[SUPPLIED INFORMATION — start]
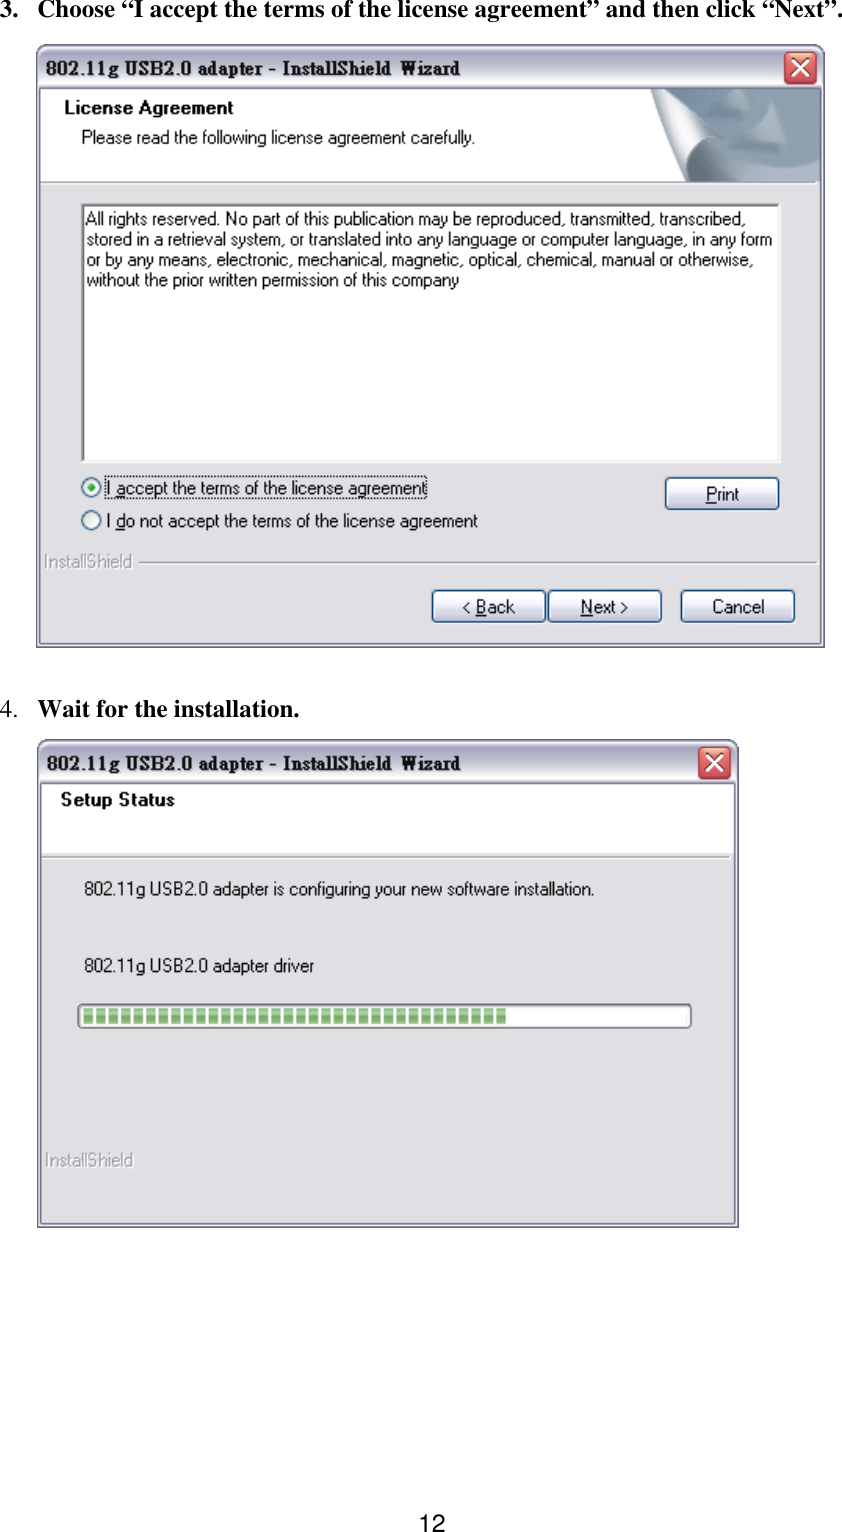  123.  Choose “I accept the terms of the license agreement” and then click “Next”.  4.  Wait for the installation.  
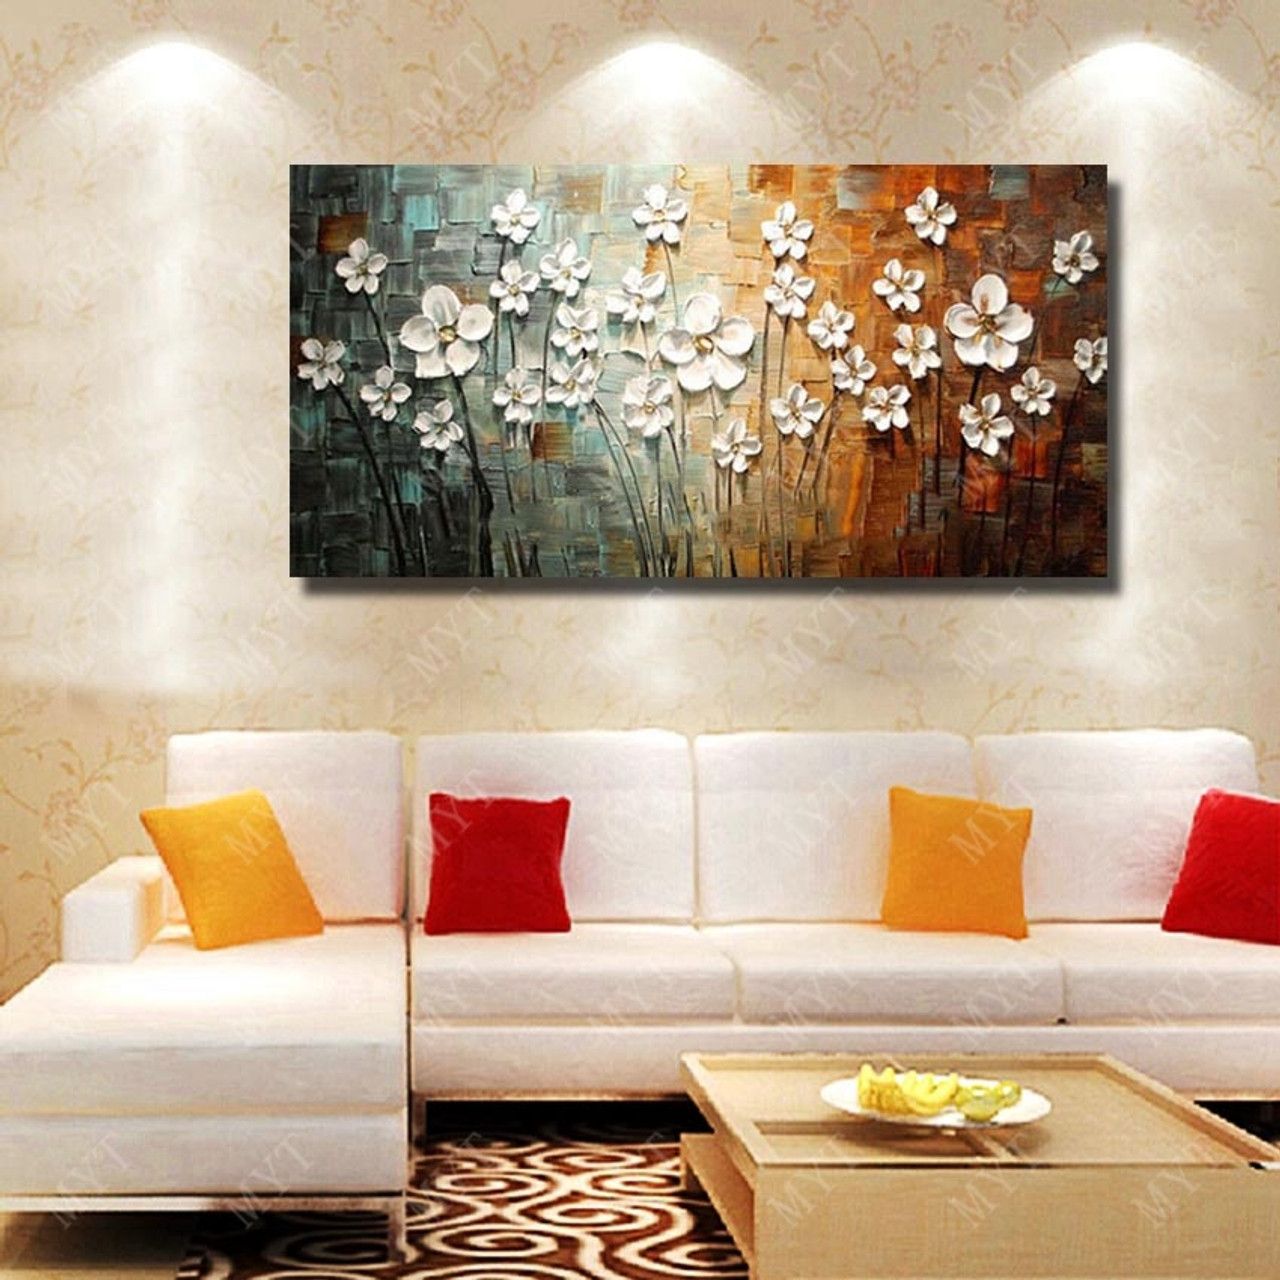 Wall Painting Art Design Images : Do you want to do a makeover for your
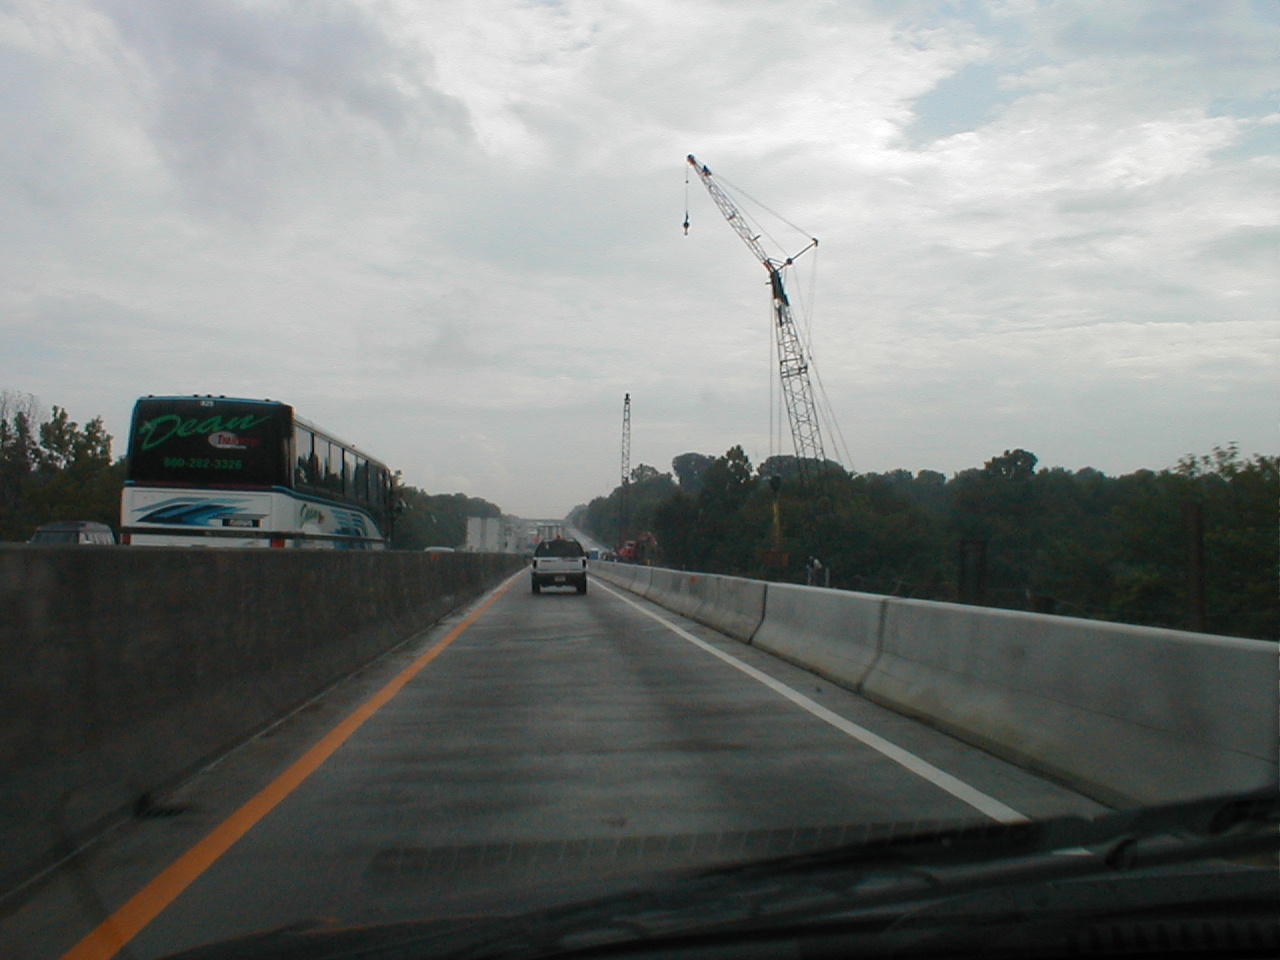 In the right lane of traffic during the unusual traffic split on a bridge over the Barren River.
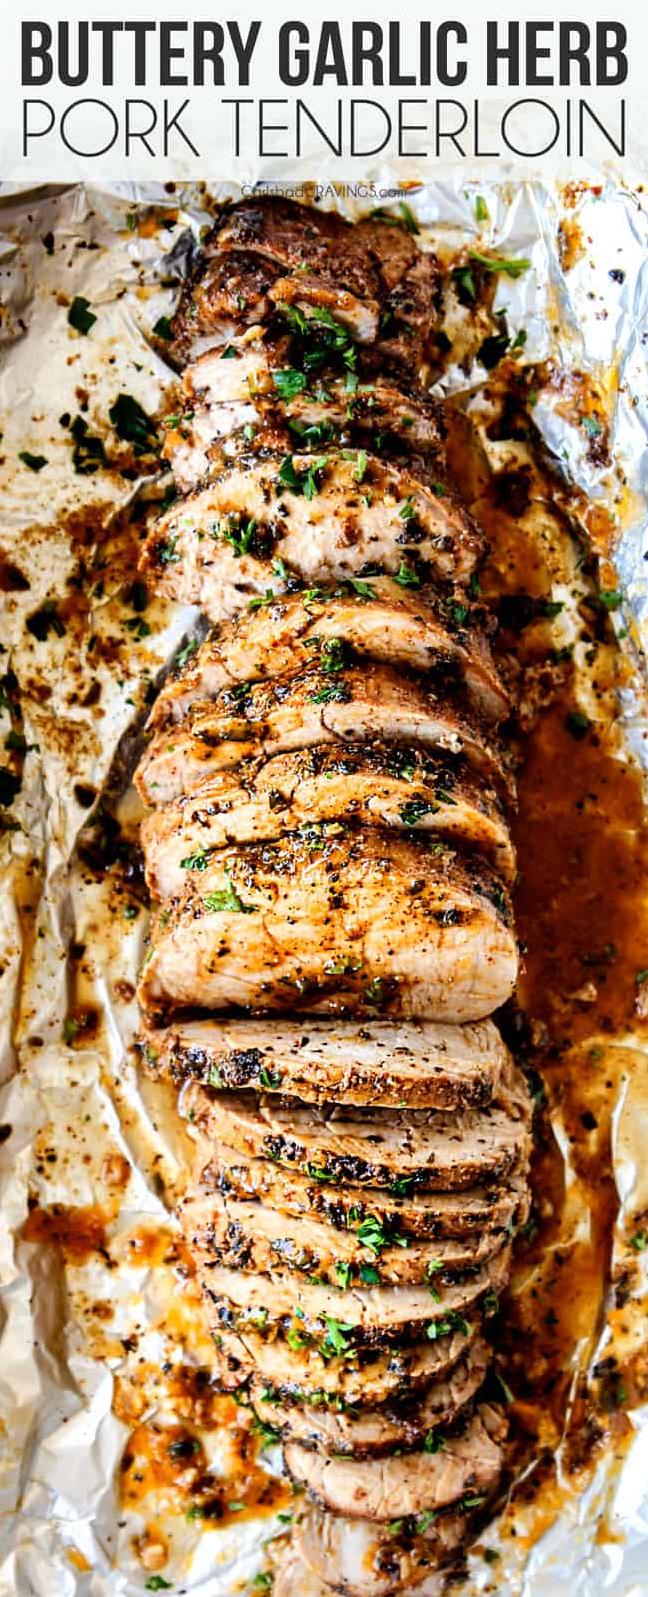  No need to go out for dinner, this Southern Pork Loin is an irresistible homemade treat
[SUPPLIED INFORMATION — finish]
# TASK INSTRUCTIONS
A word-for-word copy of all the data is required, minus the pictures.

# EXERCISE ANSWER
  123.  Choose “I accept the terms of the license agreement” and then click “Next”.  4.  Wait for the installation.  
 Wall Painting Art Design Images : Do you want to do a makeover for your
 In the right lane of traffic during the unusual traffic split on a bridge over the Barren River.
  No need to go out for dinner, this Southern Pork Loin is an irresistible homemade treat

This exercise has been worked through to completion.